PROBLEM STATEMENT: Each line below is to be copied exactly; images do not go into the copy.

DATASET SECTION:
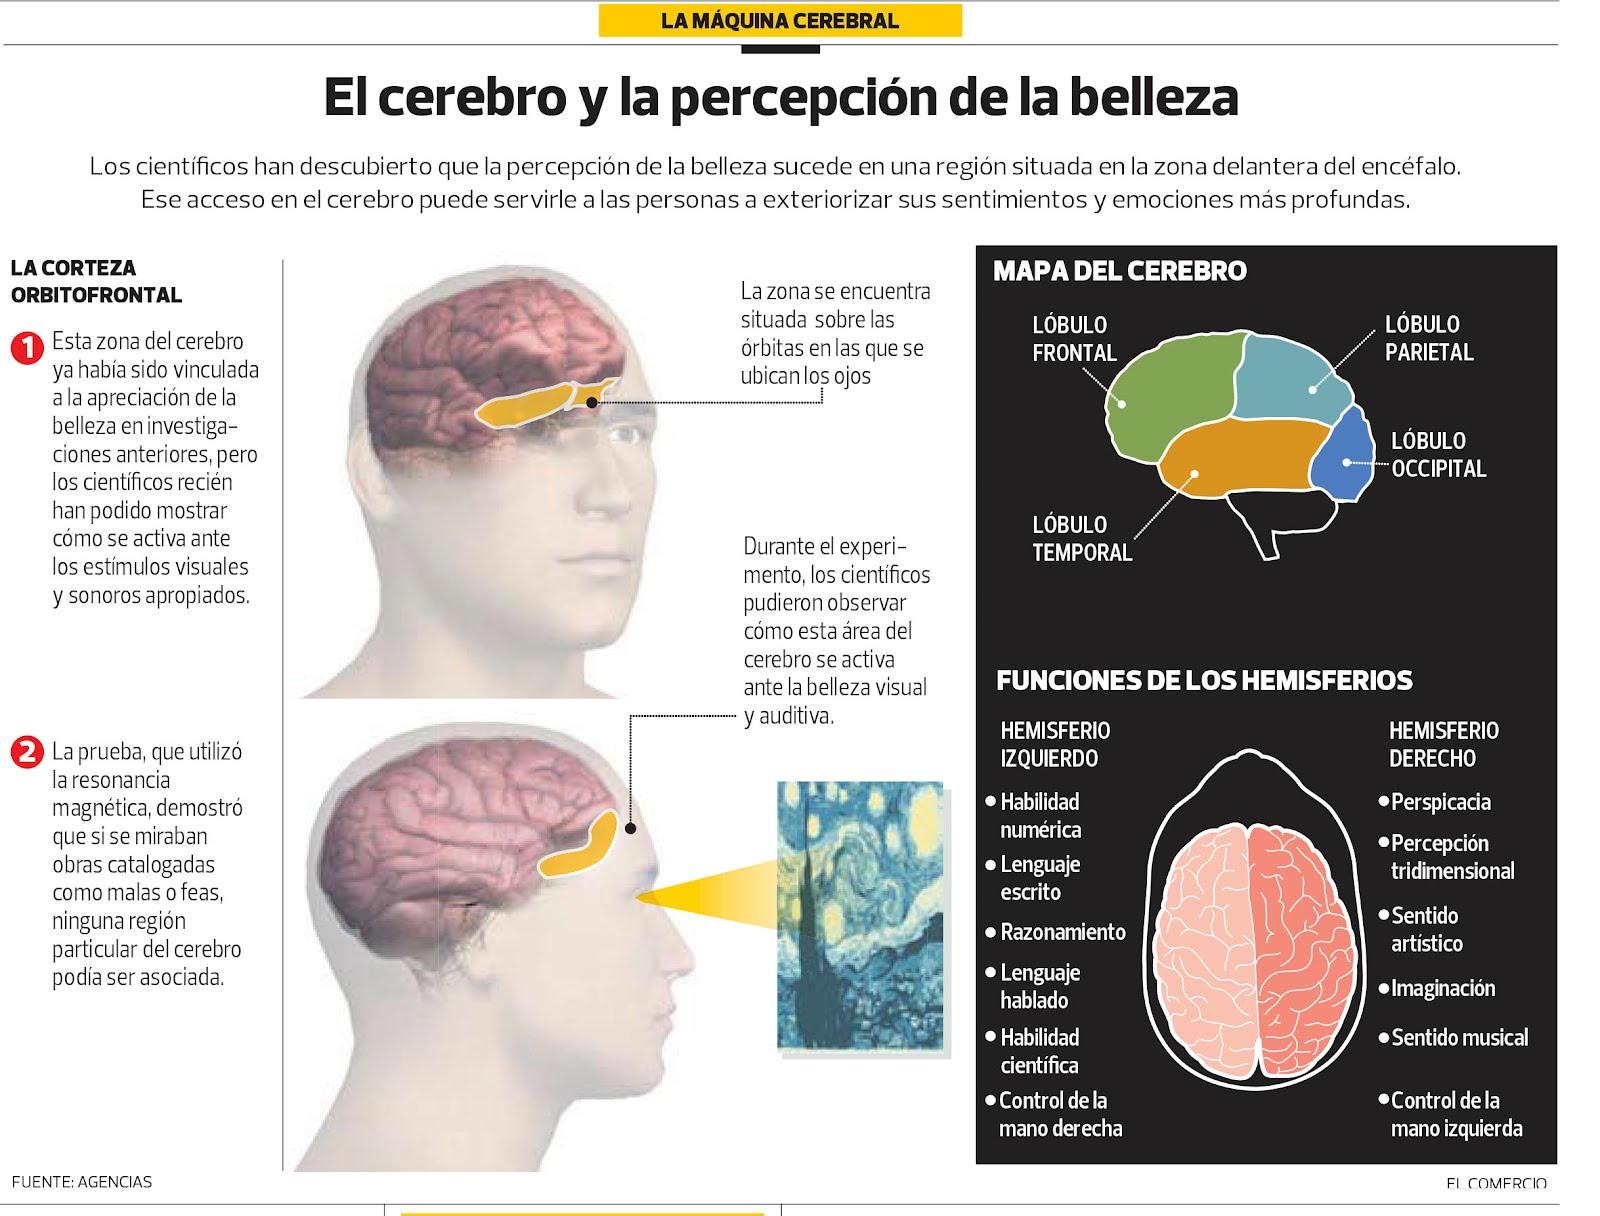 El cerebro y la percepción de la belleza
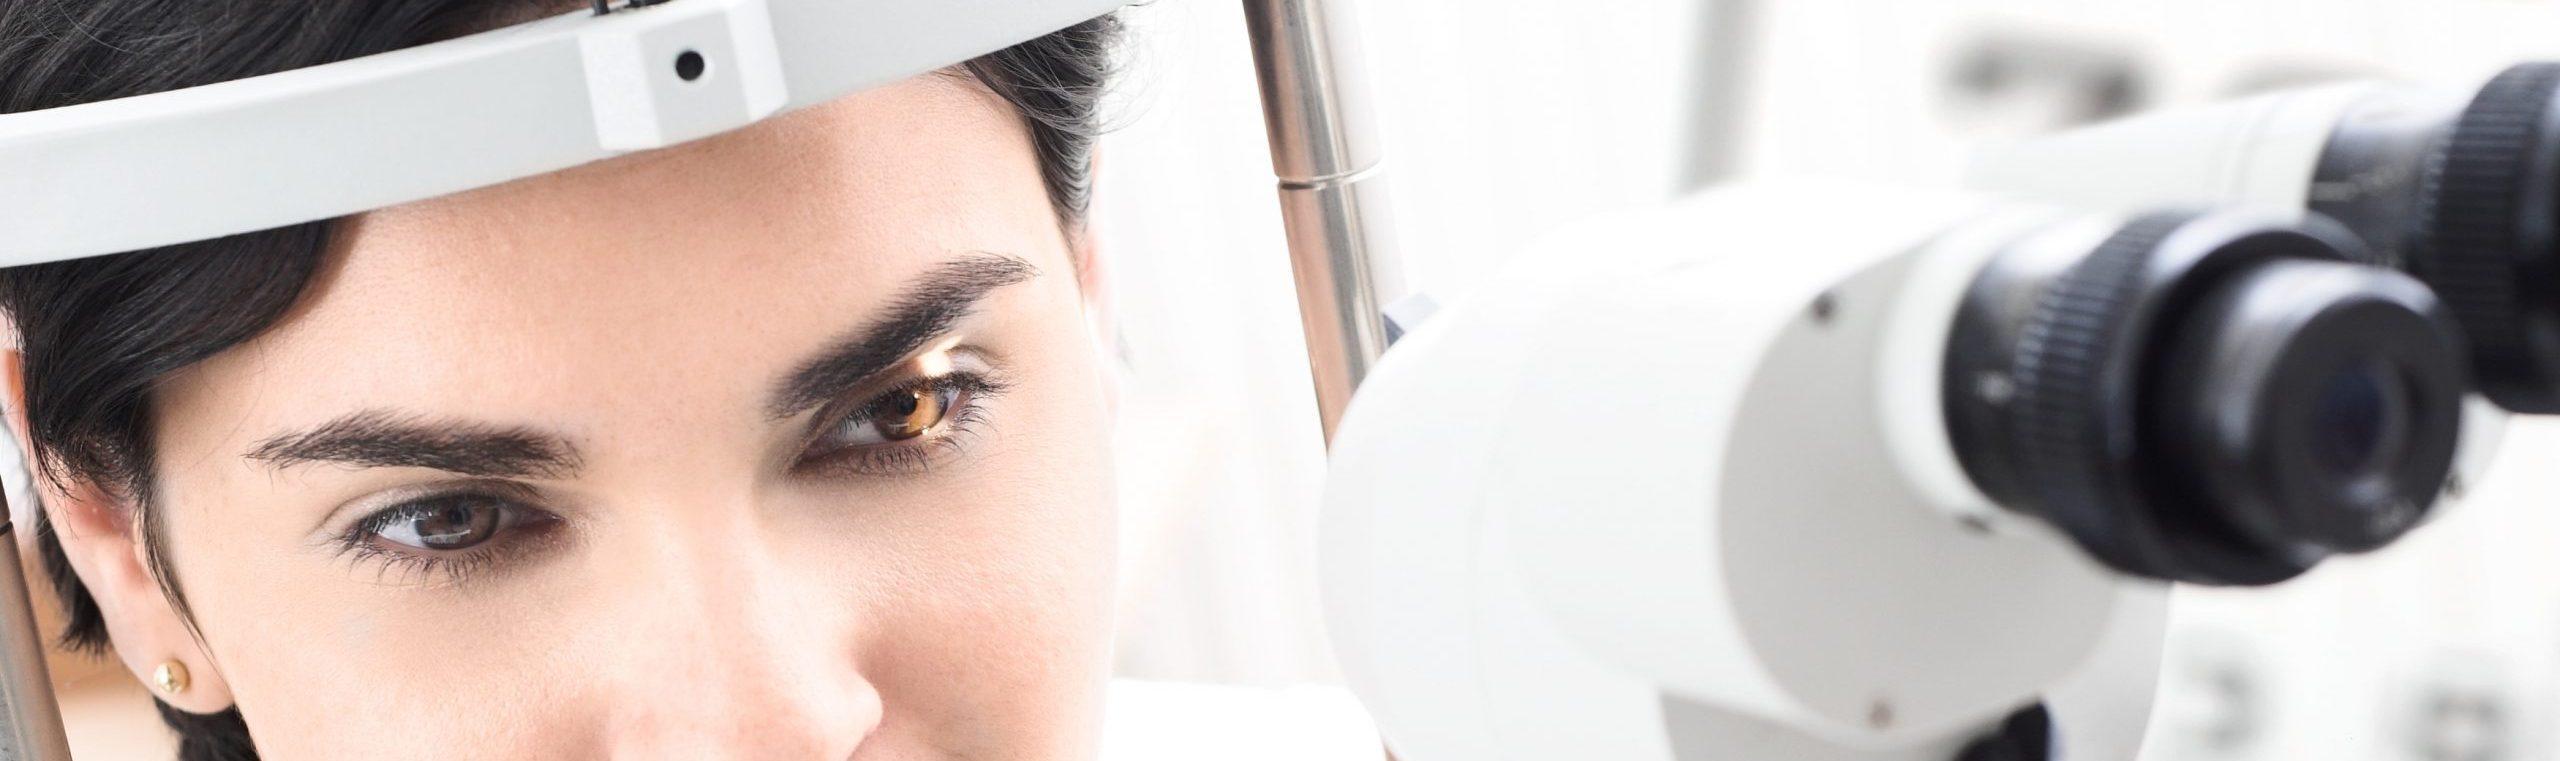 Kontaktlinsenanpassung und Nachkontrollen für Ihre Augengesundheit
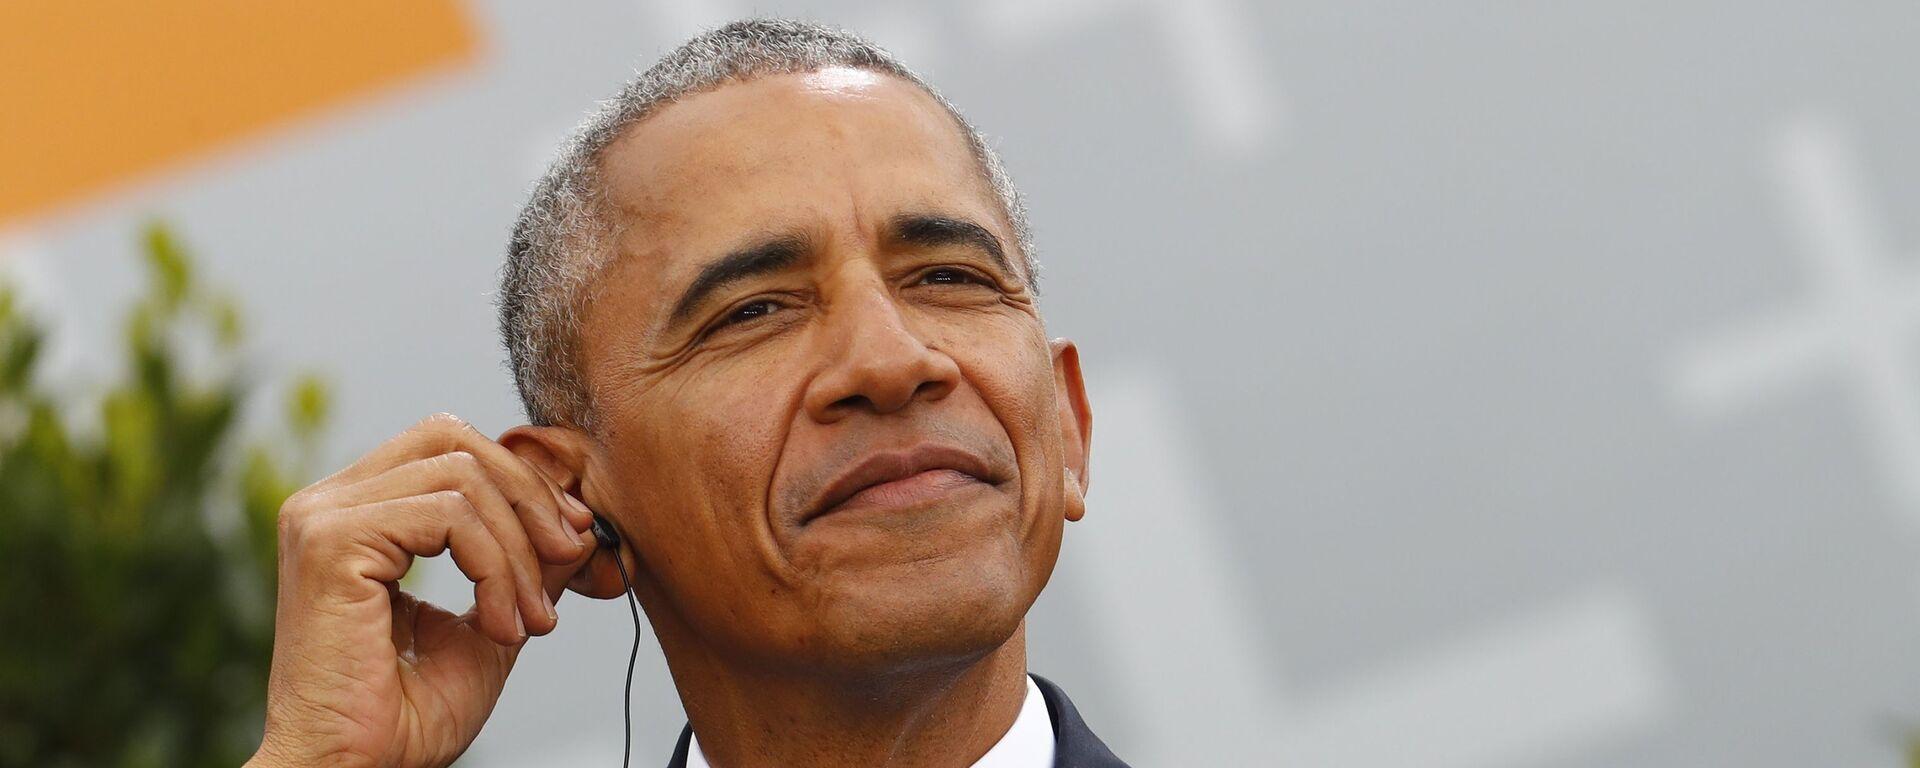 Bývalý americký prezident Barack Obama - Sputnik Česká republika, 1920, 16.12.2019

RESPONSE BOX:
 El cerebro y la percepción de la belleza
 Kontaktlinsenanpassung und Nachkontrollen für Ihre Augengesundheit
 Bývalý americký prezident Barack Obama - Sputnik Česká republika, 1920, 16.12.2019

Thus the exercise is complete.